Soil pH was determined on a Denver Instrument model 215 pH meter (Denver Instruments, Bohemia, NY) by slurry of 1 g soil in 2 ml MilliQ water (Millipore Sigma, St. Louis, MO).
Organic matter composition determination by FT-ICR-MS
Organic matter was extracted from bulk soil sequentially with water, methanol and chloroform as described previously 34,35. Briefly, organic matter extracts were prepared by adding 1 ml of solvent to 100 mg lyophilized and ground bulk soil and shaking for two hours on an Eppendorf Thermomixer in 2 mL capped glass vials. Samples were removed from the shaker and left to stand before centrifugation at 2000 rpm for 10 min and the supernatant was retained for analysis. The soil residue was dried with nitrogen gas to remove any residual solvent, and the extraction was repeated with each of the next two solvents. The chloroform and water extracts were diluted in methanol to improve electrospray ionization (ESI) efficiency and 20 μl was injected into the FTICR-MS. Samples were analyzed in triplicate for water extractions and chloroform extractions, and singly for methanol extractions.

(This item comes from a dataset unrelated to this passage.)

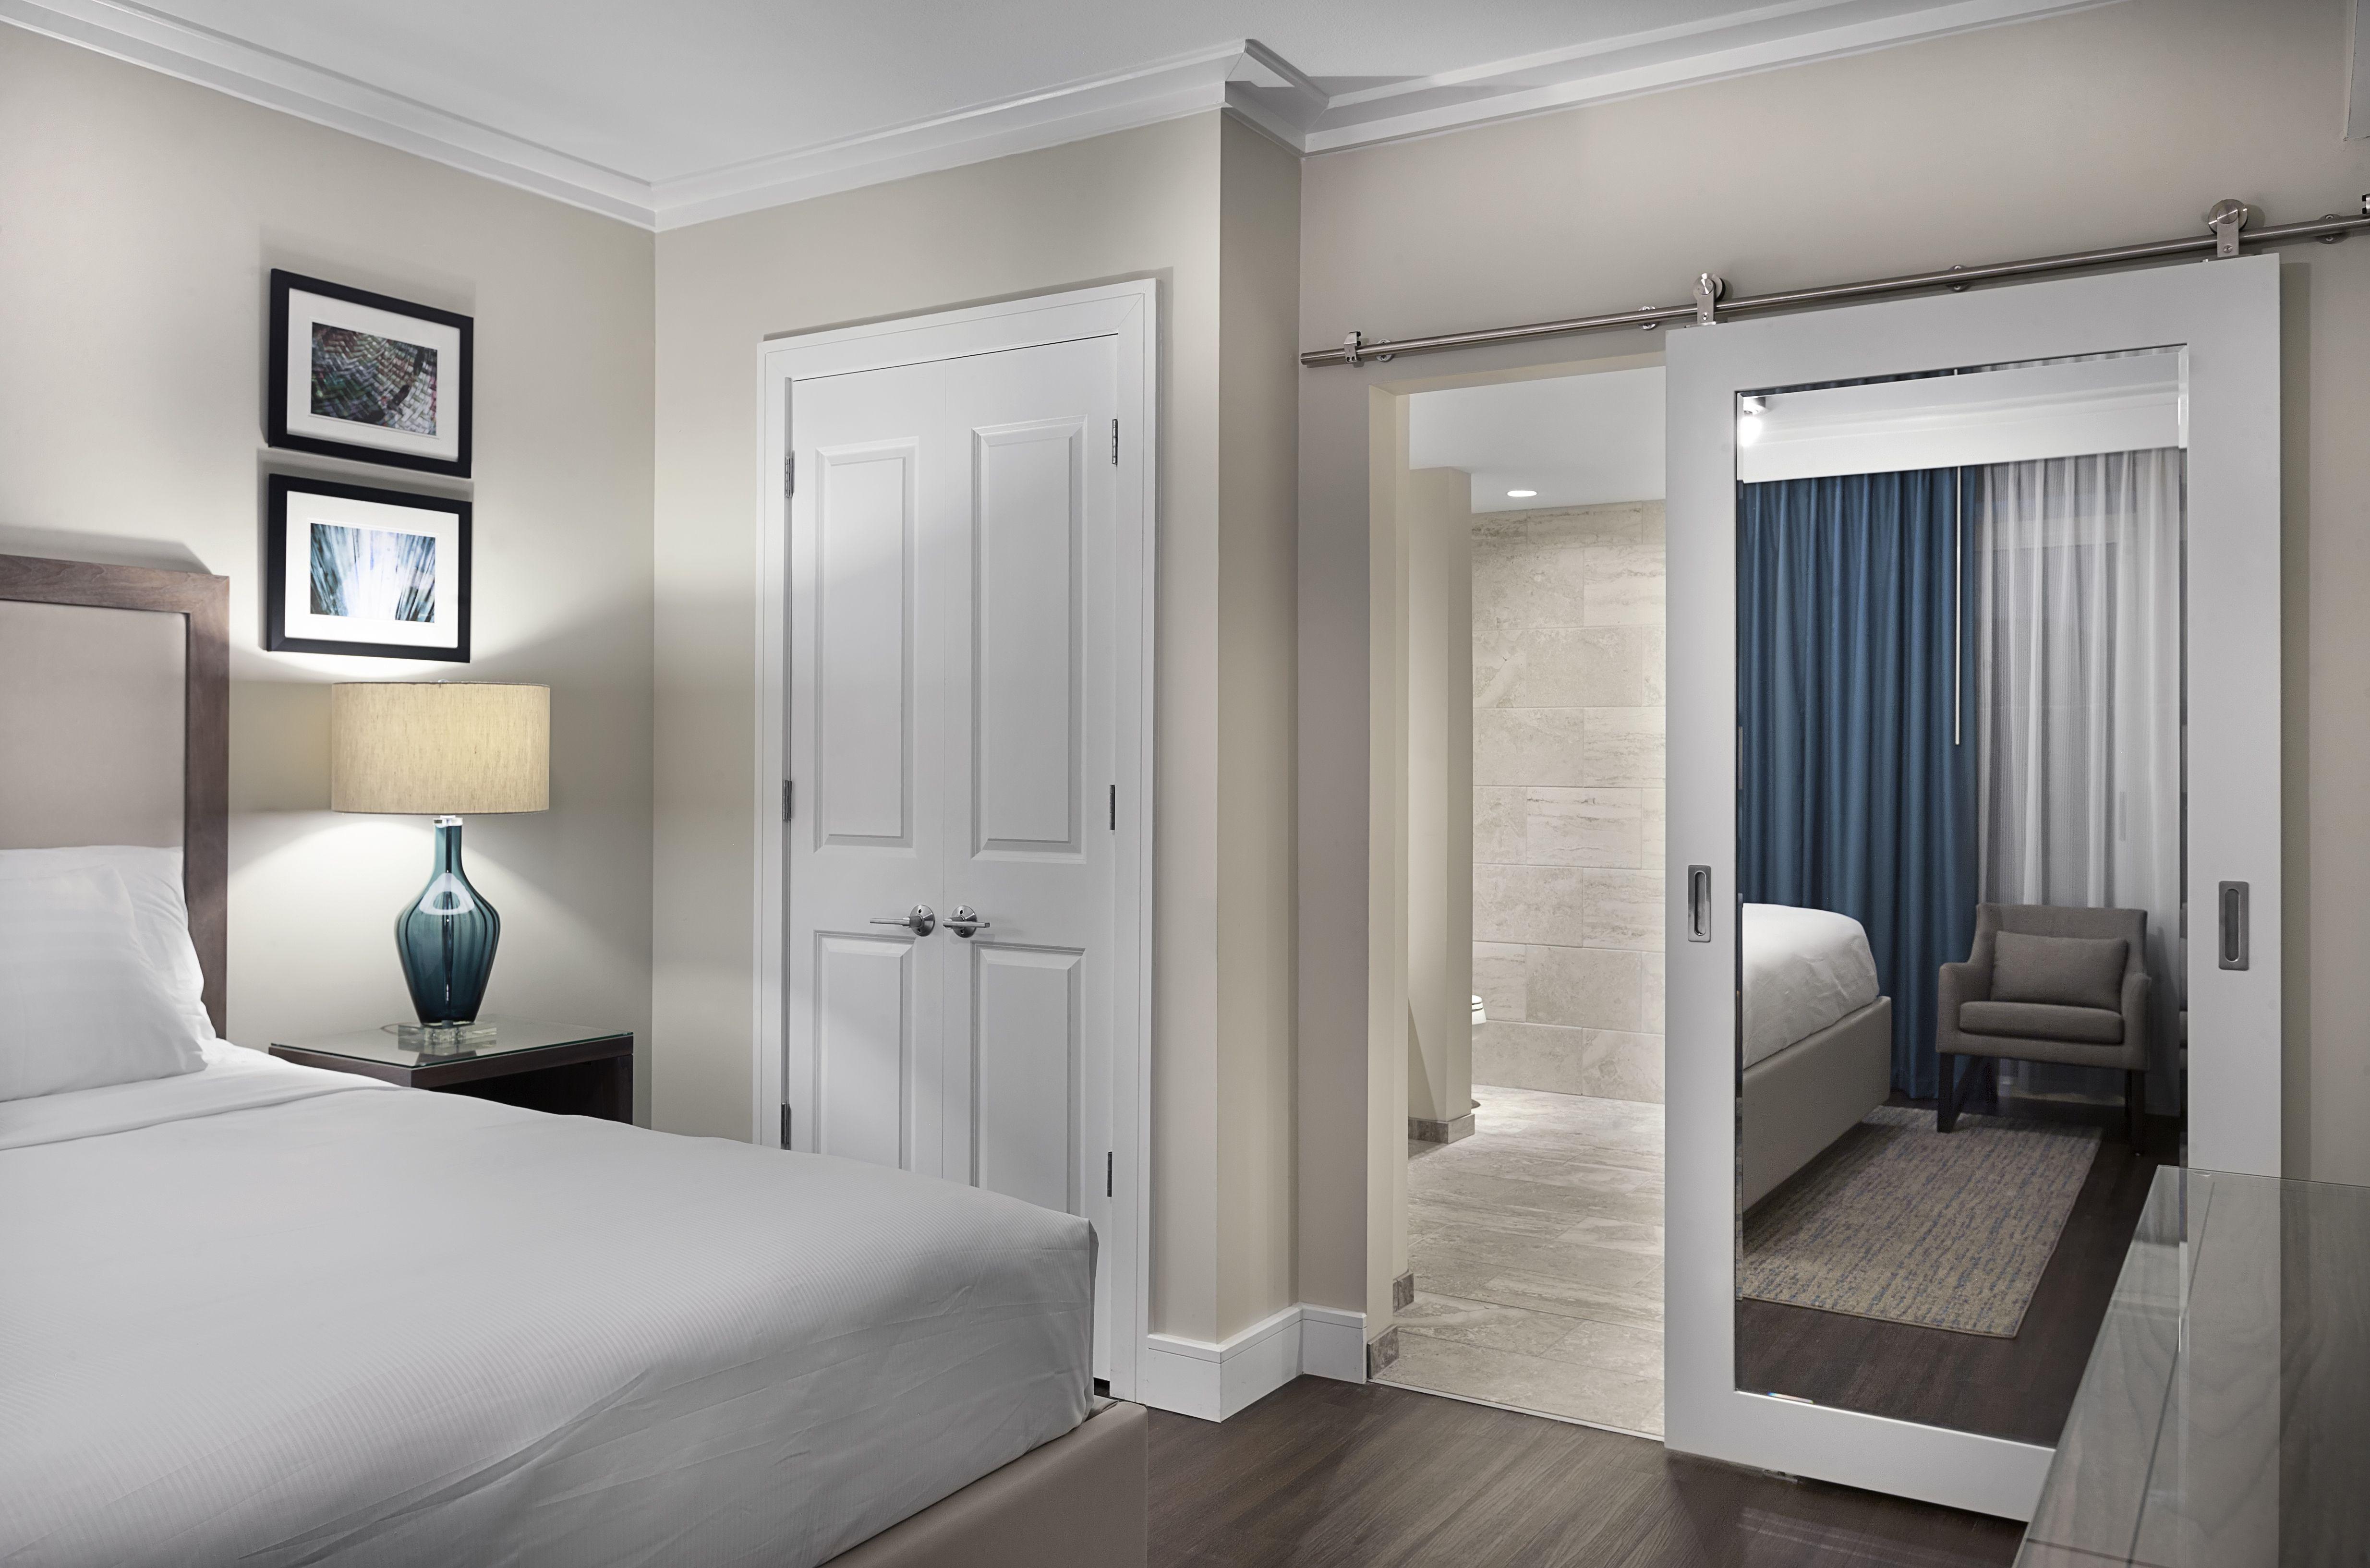 Ocean Oak Resort By Hilton  Hilton Head, Sc Dsi
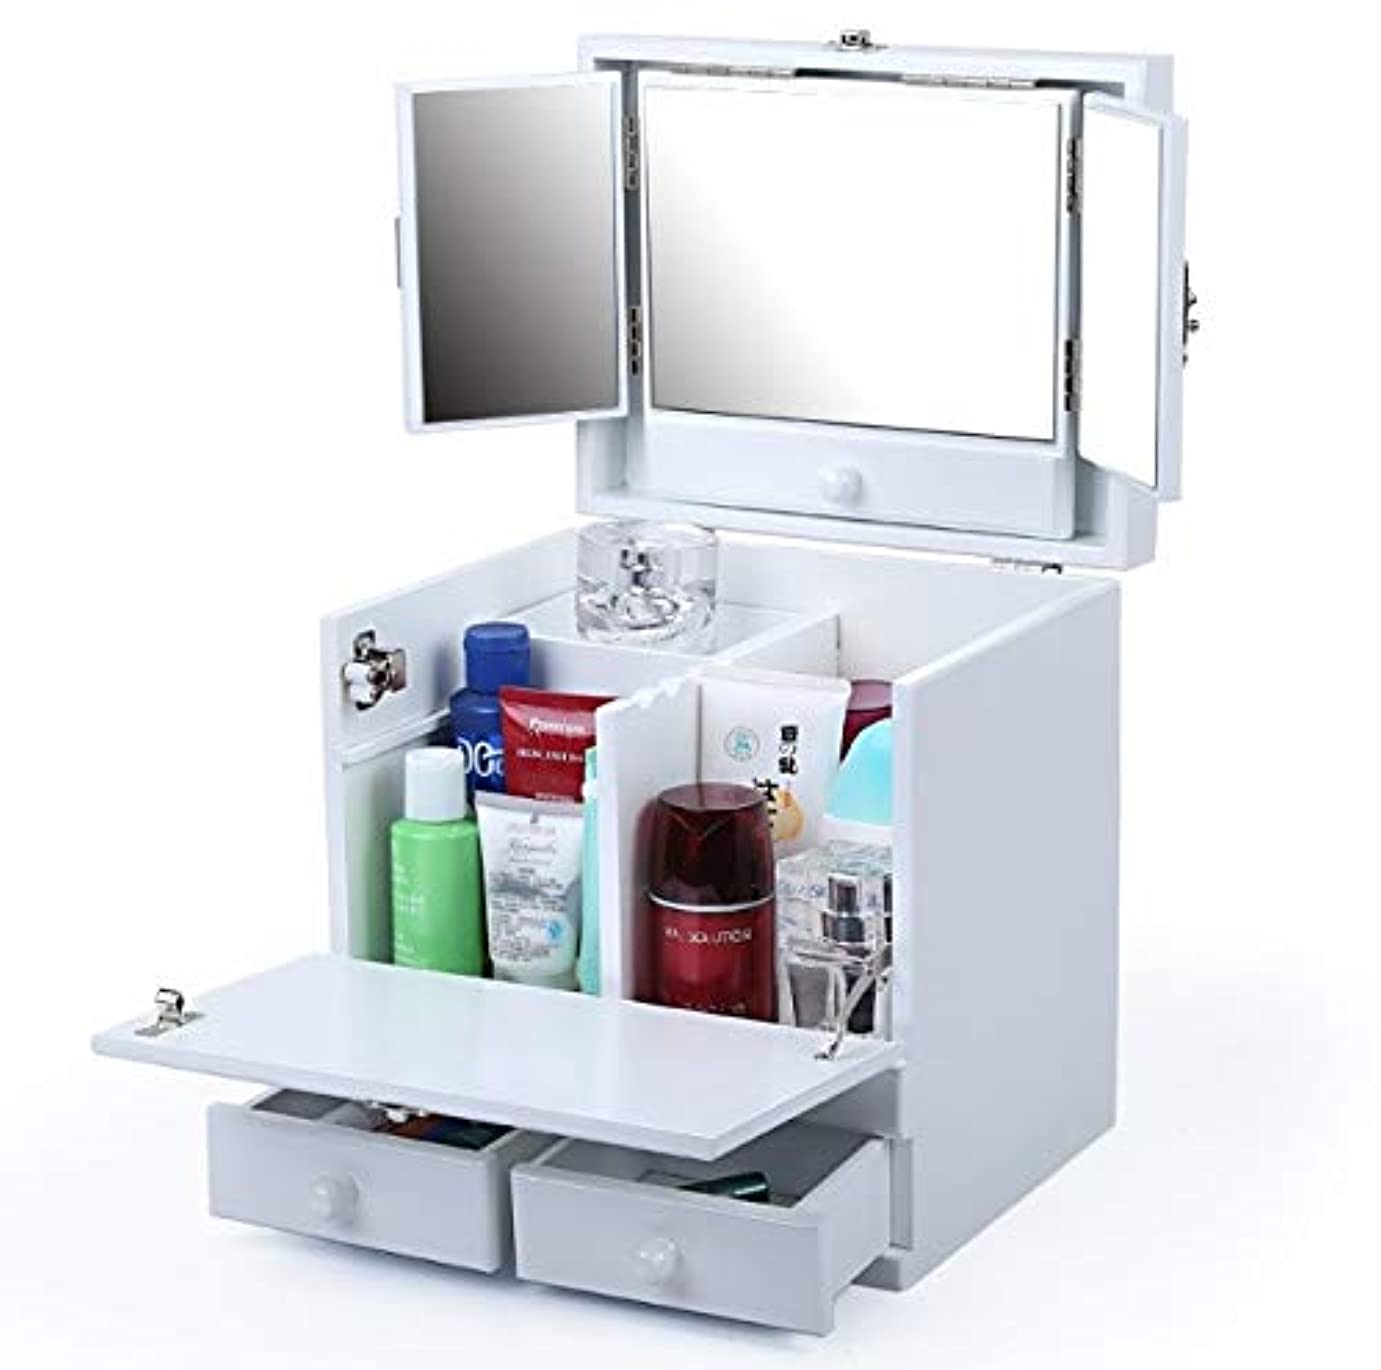 従う凍った適応化粧箱、白のダブルデッカーヴィンテージ木彫り化粧品ケース、ミラー、高級ウェディングギフト、新築祝いギフト、美容ネイルジュエリー収納ボックス

A 12 Tesla Bruker SolariX FTICR-MS located at the Environmental Molecular Sciences Laboratory (EMSL) in Richland, WA, was used to collect high-resolution mass spectra of the organic matter in the extracts. A standard Bruker ESI source was used to generate negatively charged molecular ions. Samples were introduced directly to the ESI source at a flow rate of 3 μl/min. The ion accumulation time was varied, from 0.1 s to 0.5 s, to account for differences in C concentration between samples and to maintain a final dissolved organic carbon concentration of 20 ppm. The instrument was externally calibrated weekly with a tuning solution from Agilent (Santa Clara, CA), which calibrates to a mass accuracy of <0.1 ppm. Two hundred scans were averaged for each sample and internally calibrated using OM homologous series separated by 14 Da (-CH2 groups). The mass measurement accuracy was less than 1 ppm for singly charged ions across a broad m/z range (i.e. 200 <m/z <1200). To further reduce cumulative errors, all sample peak lists for the entire dataset were aligned to each other prior to formula assignment to eliminate possible mass shifts that would impact formula assignment. Putative chemical formulas were assigned using in-house software based on the Compound Identification Algorithm (CIA) 36, and modified as previously described 37. Chemical formulas were assigned based on the following criteria: S/N >7, and mass measurement error <1 ppm, taking into consideration the presence of C, H, O, N, S and P and excluding other elements. Peaks with large mass ratios (m/z values >500 Da) were assigned formulas through the detection of homologous series (CH2, O, H2). Additionally, to ensure consistent assignment of molecular formula the following rules were implemented: one phosphorus requires at least four oxygens in a formula and when multiple formula candidates were assigned the formula with the lowest error and with the lowest number of heteroatoms was picked.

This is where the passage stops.